During our visit a child mistakenly opened one door while the other was open and a butterfly escaped into the main exhibit area. The entire facility went into emergency lockdown mode. All exits were secured and they set out to locate the runaway butterfly. Within 15 minutes they find it hiding in an AC vent. It took about another 15 minutes to get a ladder and climb up with a net to capture the butterfly and bring it back to its proper place.

I asked one of the staffers why it was so imperative to capture the butterfly before it gets out into the street. He explained that since it was not an indigenous species it could cause harm to the local ecosystem with its eating habits and reproductive pace.

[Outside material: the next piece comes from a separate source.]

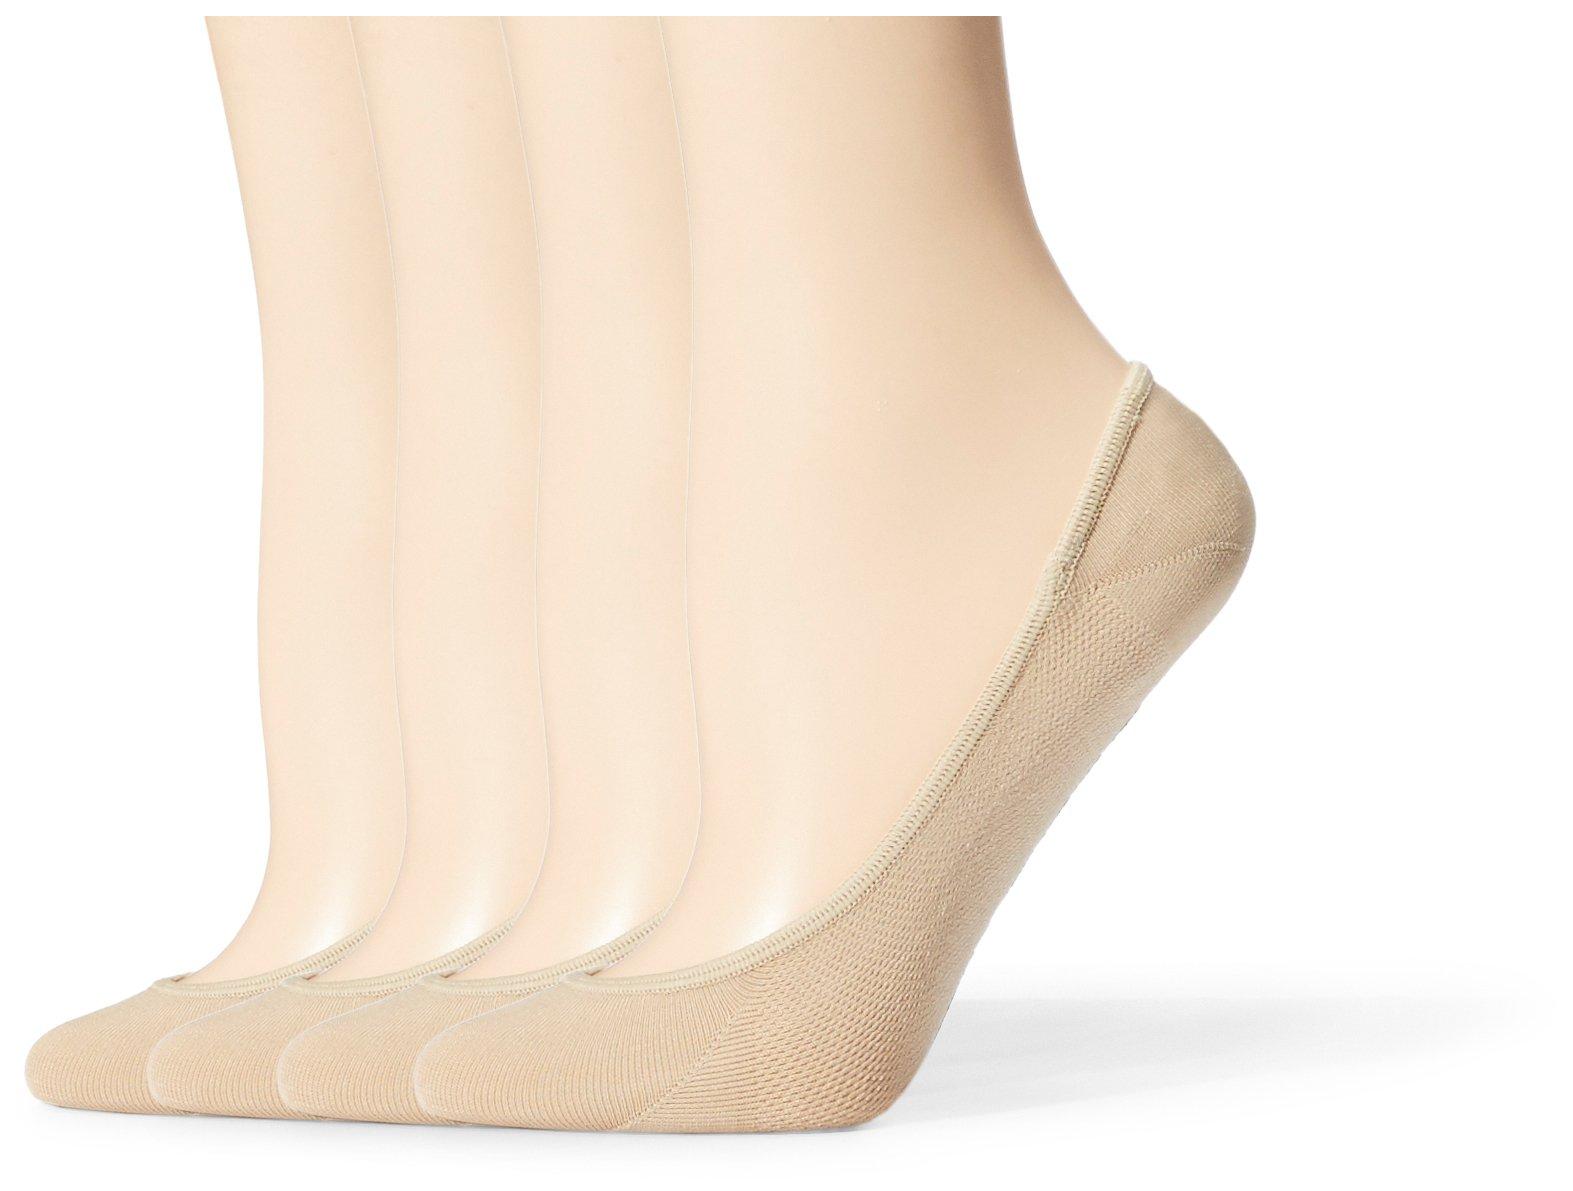 Starter Women's 4-Pack Microfiber Invisible Liner Socks, Prime Exclusive, Beige, Medium (Shoe Size 5-9.5)
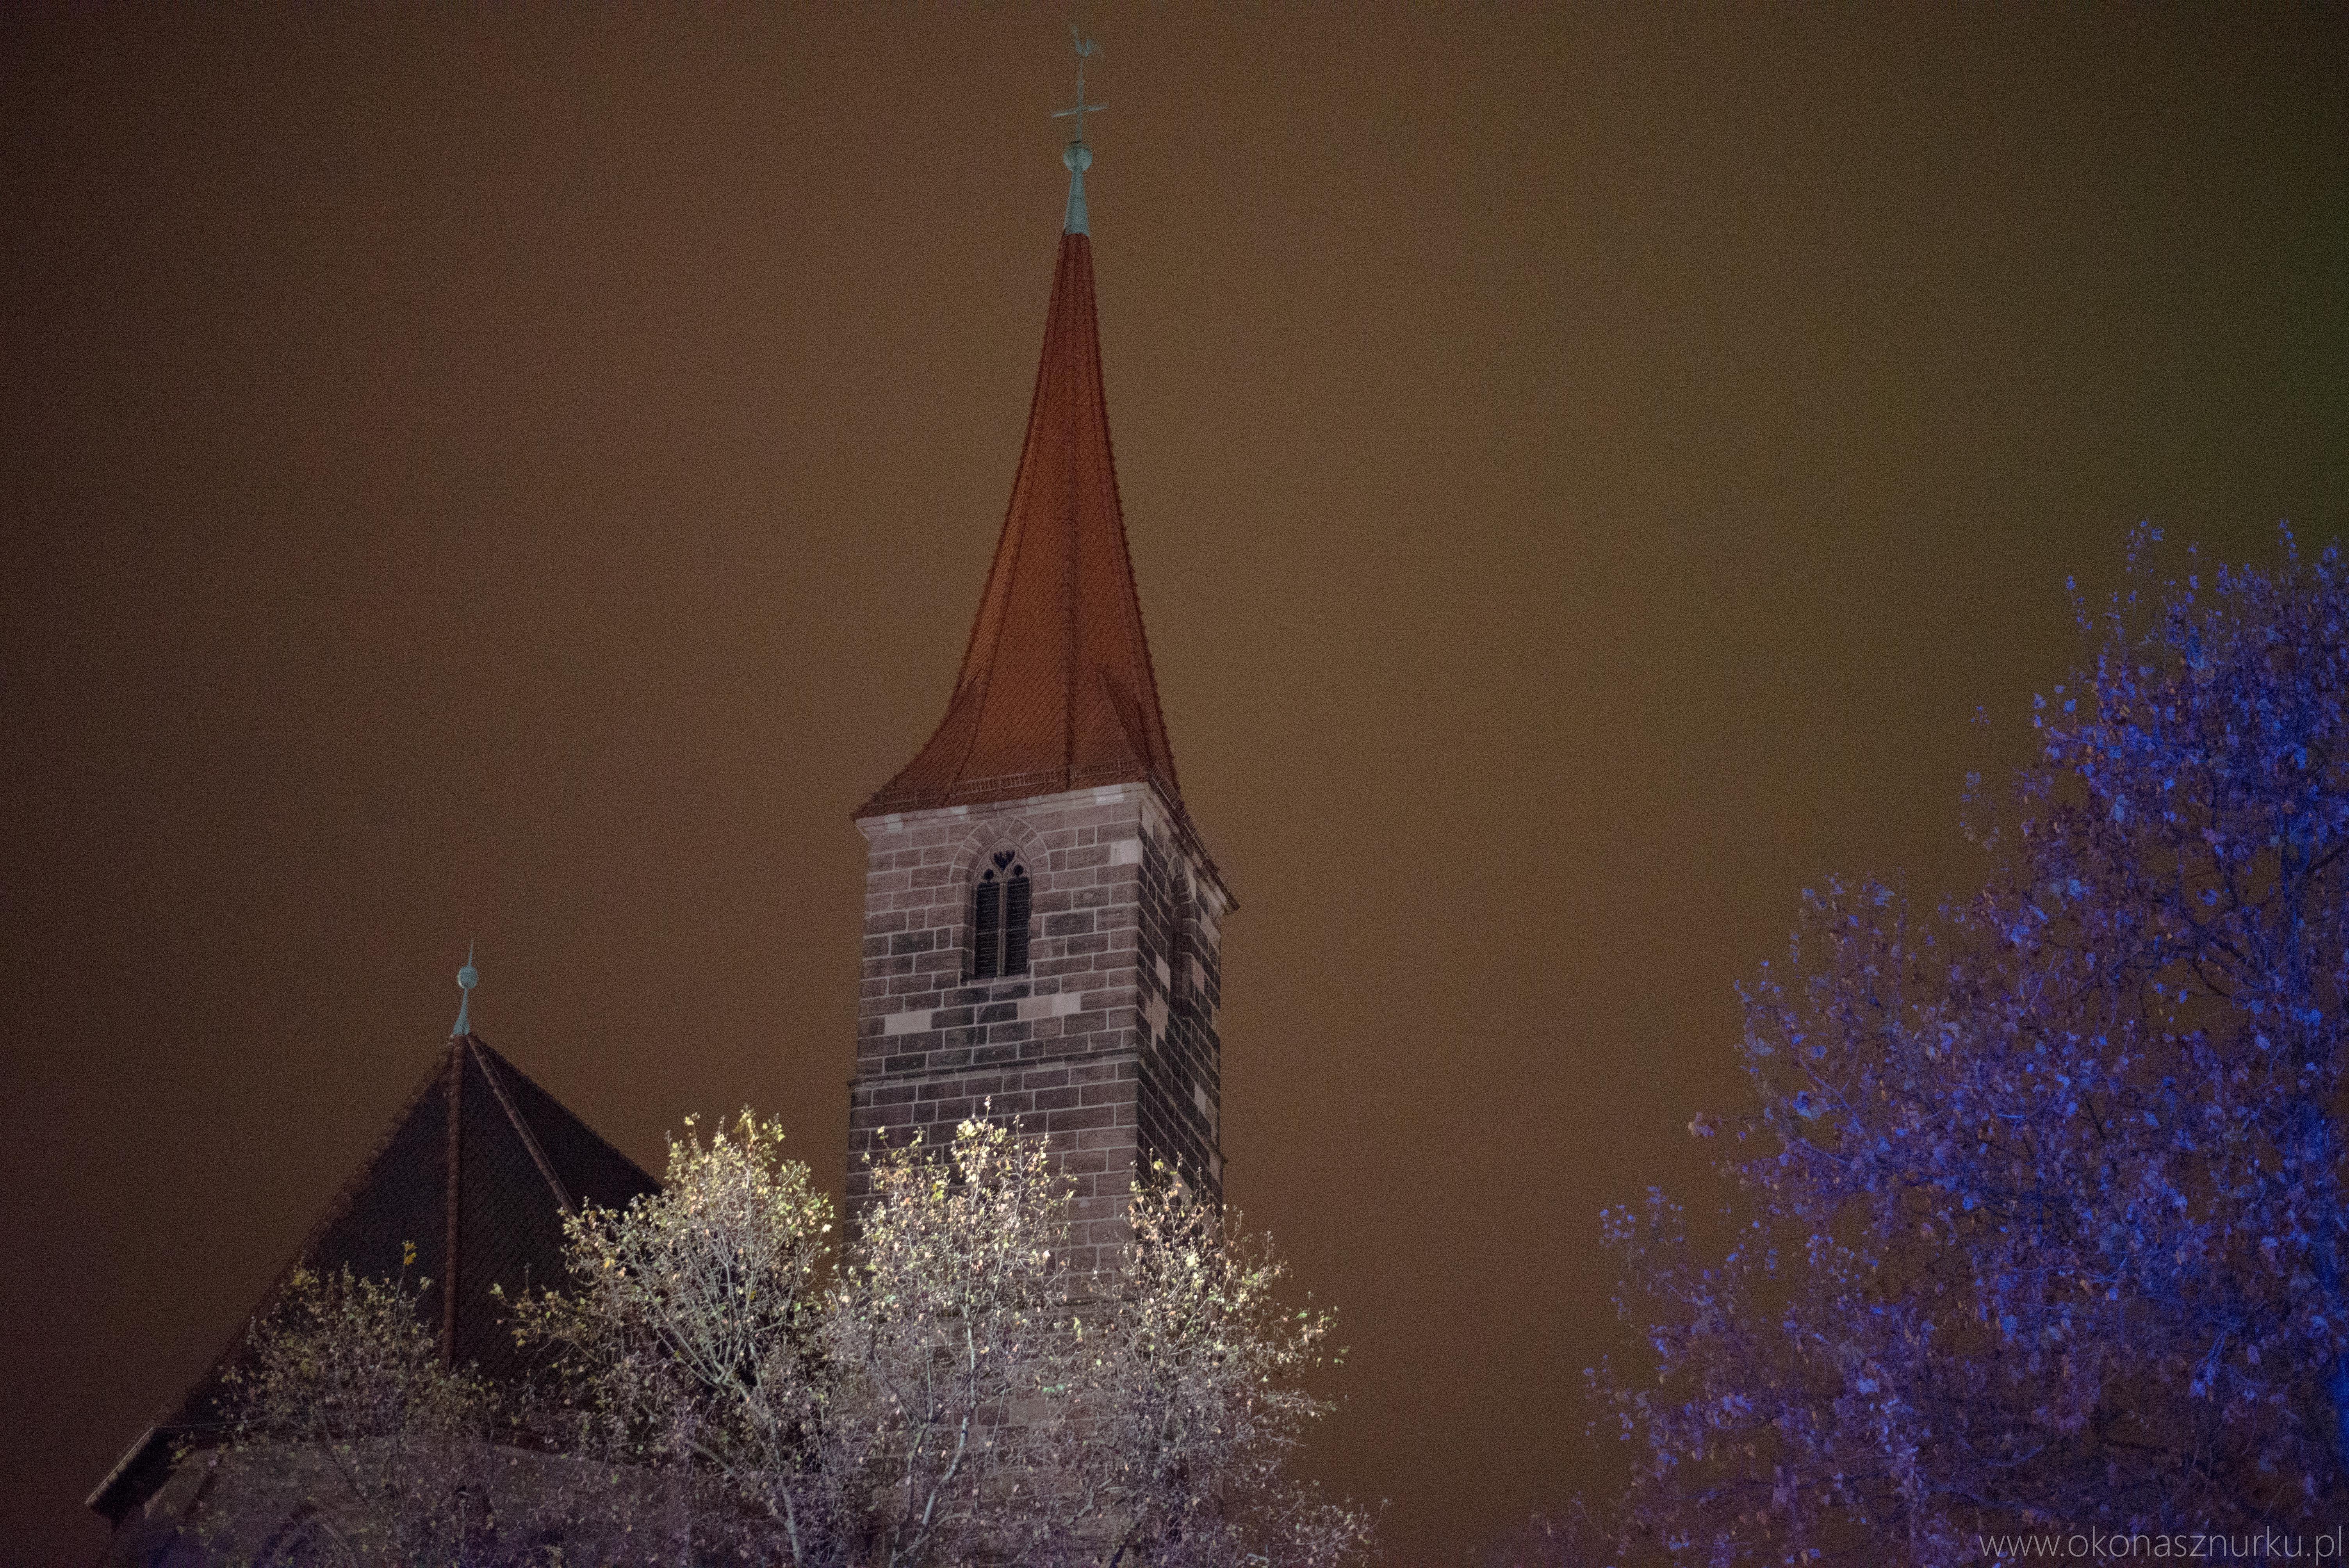 Nürnberg-stadt-norymberga-bayern-city-frankonia (9)

In light of the Baal Shemtov’s instruction to apply every encounter as a lesson in serving G-d, I thought that this is a very appropriate Elul lesson. Sometimes we think of certain Mitzvot or transgressions as small or insignificant. We regard it as no big deal in the scope of history or the vastness of the universe.

The anecdote of the escaped butterfly teaches that even the smallest thing can have a major impact on something very large. Indeed the Rambam teaches that a person should always view the next step they are about to take as the one that can impact the future of humanity and the entire world. As such, when we engage in Elul reckoning we must also account for the “small” deeds – good and bad – as they can be a major factor in our own lives and the world around us.

Our heartfelt condolences are extended to Natalia and Fernando Promoslovsky upon the passing of her mother.

Mazel Tov to Sarah and Zev Attias upon the birth of their son. The Bris will be held this Sunday at 1 PM at Chabad of Metairie. We look forward to celebrating with them.

May Hashem bless each and every one of us with a happy, healthy, prosperous and meaningful new year of 5774.